Perhaps one of the more significant reforms in Iran’s education system has been in the emphasis on female education. The gender gap in education has been significantly closed and as of 2005, the enrollment rates for boys and girls in higher education institutes showed a change in favor of girls. According to UNESCO statistics, “adult literacy rates in Iran have increased from 63.2% (72.2 male and 54 female) in 1990 to 76% (83 males and 68.9 female) in 2000, pointing to significant progress in female literacy over the last decade”. The significant closing of the gender gap exhibited in Iran is credited to the changing role and responsibility of women in the Iranian community. Mehran documents that the role of the woman has changed significantly from the immediate years following the Revolution where the ideal woman was “the mother who raised pious Muslims and revolutionary soldiers”. In present-day Iran, women are recognized as independent entities who are entitled to basic human rights and the right to an education in order to improve their own lives.
The last few years have been turbulent for Iran following the disputed elections of 2009 which resulted in violent demonstrations and unrest in the country. As a result of these actions, there have been ongoing moves towards overhauling Iran’s education system so as to fortify the government’s position. A report by Erdbrink states that “Iran is overhauling its education system to rid it of Western influence”. These reforms which are said to begin in September of 2011 are aimed at fortifying Islamic values in the increasingly secularized middle class of the country. New courses such as “political training” which will be meant to warn the students against western ideals will be put in place and Western theories in subjects such as sociology and psychology replaced with Islamic ones. Such moves will undoubtedly undermine Iran’s education system on the international ground and greatly diminish the academic standards of the country.
Peckham reveals that the education system of Iran is challenged mostly since the system aimed to fulfill a dual role; educate the population as well as act as a tool for the propagation of fundamental beliefs and propaganda. While it is true that the propagation of fundamental beliefs results in commitment which may foster cultural stability, it acts as an inhibitor to development and leads to Iran not being able to compete favorably with educational institutes in other countries.
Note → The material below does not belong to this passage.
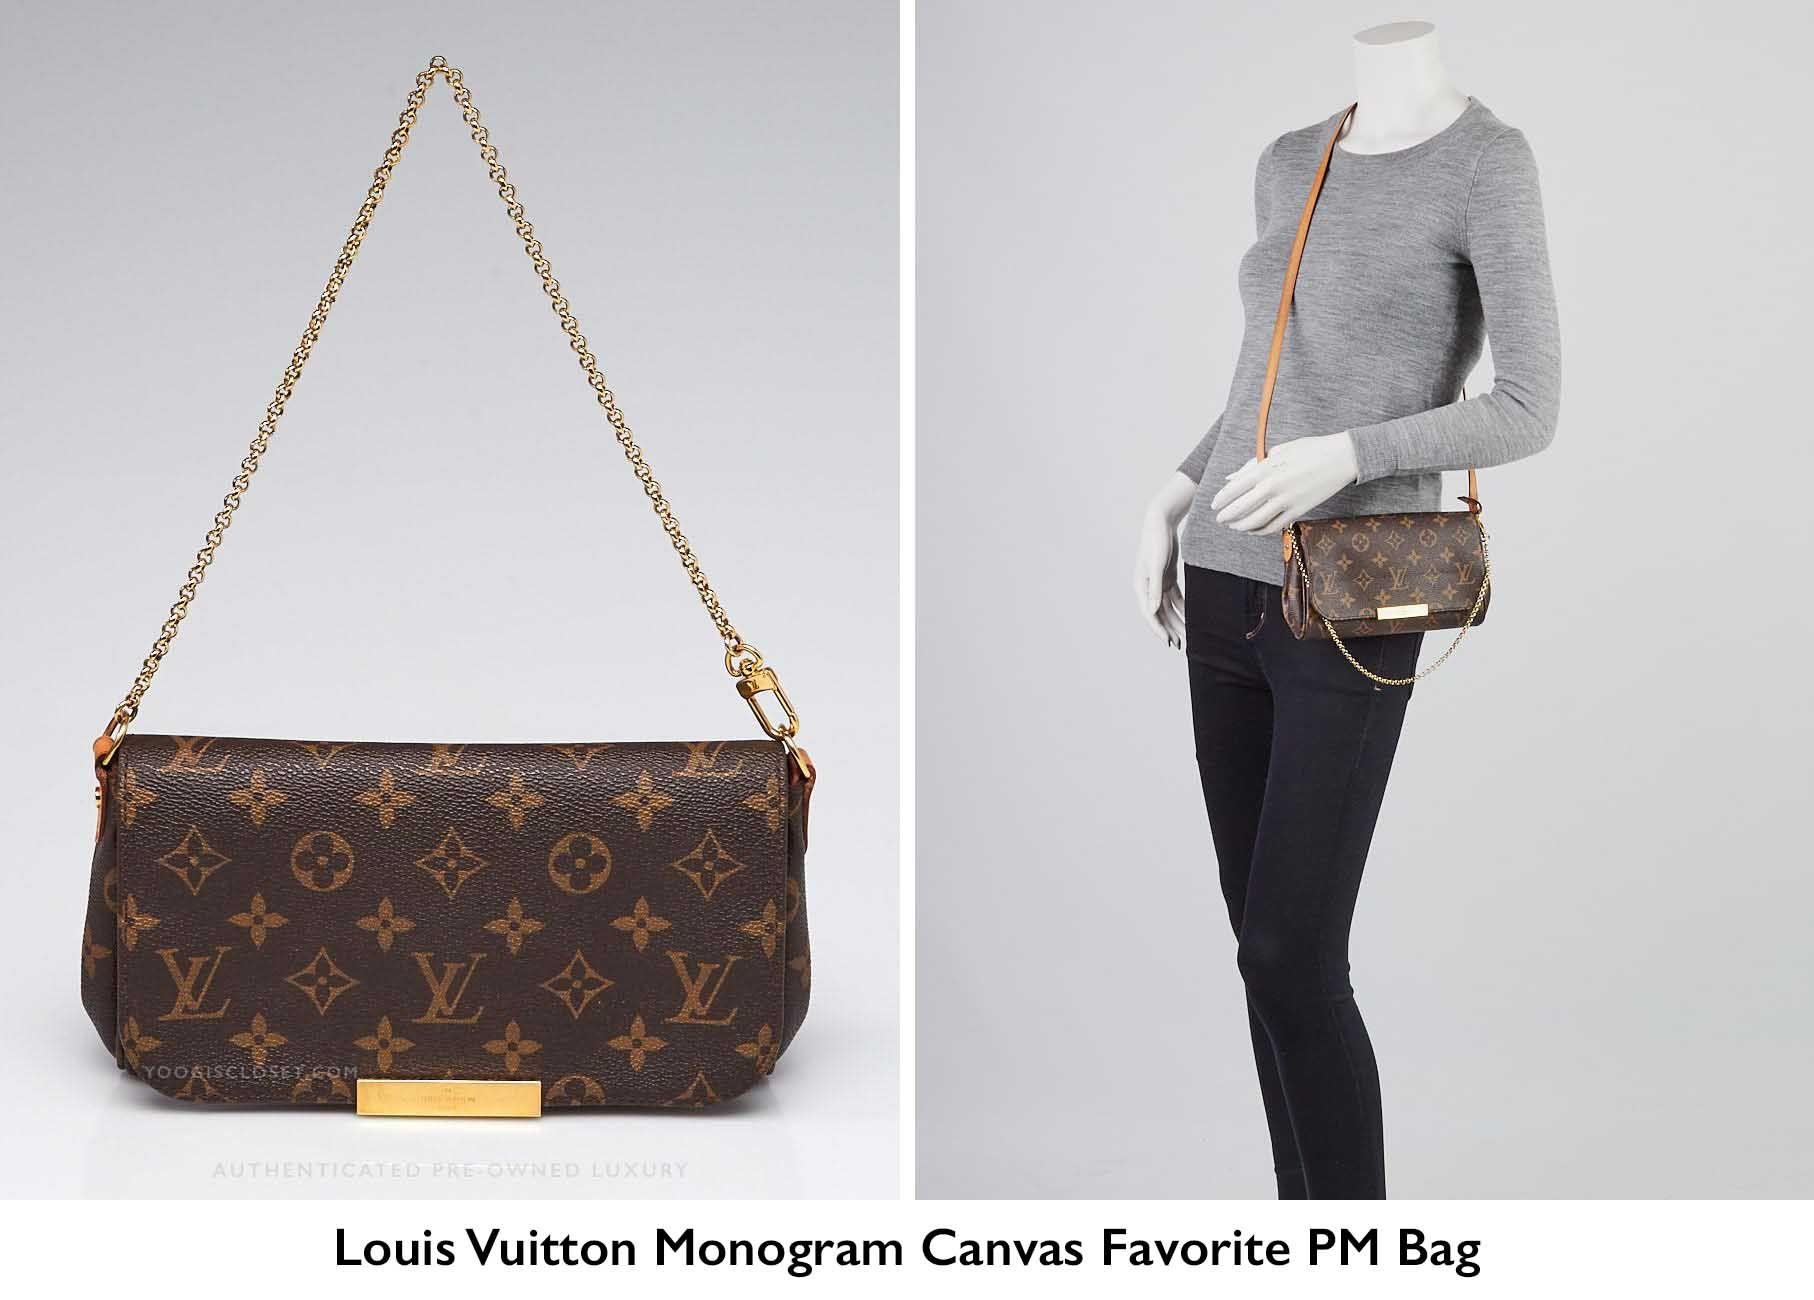 f7062f5e1a4 15 Most Popular Louis Vuitton Monogram Small Crossbody Bags ...

This paper set out to give an in-depth analysis of the Iranian educational system so as to demonstrate the implication of the nation’s school practices to a global society. To this end, the paper has reviewed the structure of the Iranian system and the various attributes which influence the school system. From this paper, it is evident that the Iranian system has been successful in increasing the literacy level of the population. However, this paper has noted that the use of educational institutes to propagate fundamental beliefs may be detrimental to the well-being of the otherwise effective educational system that the country has developed.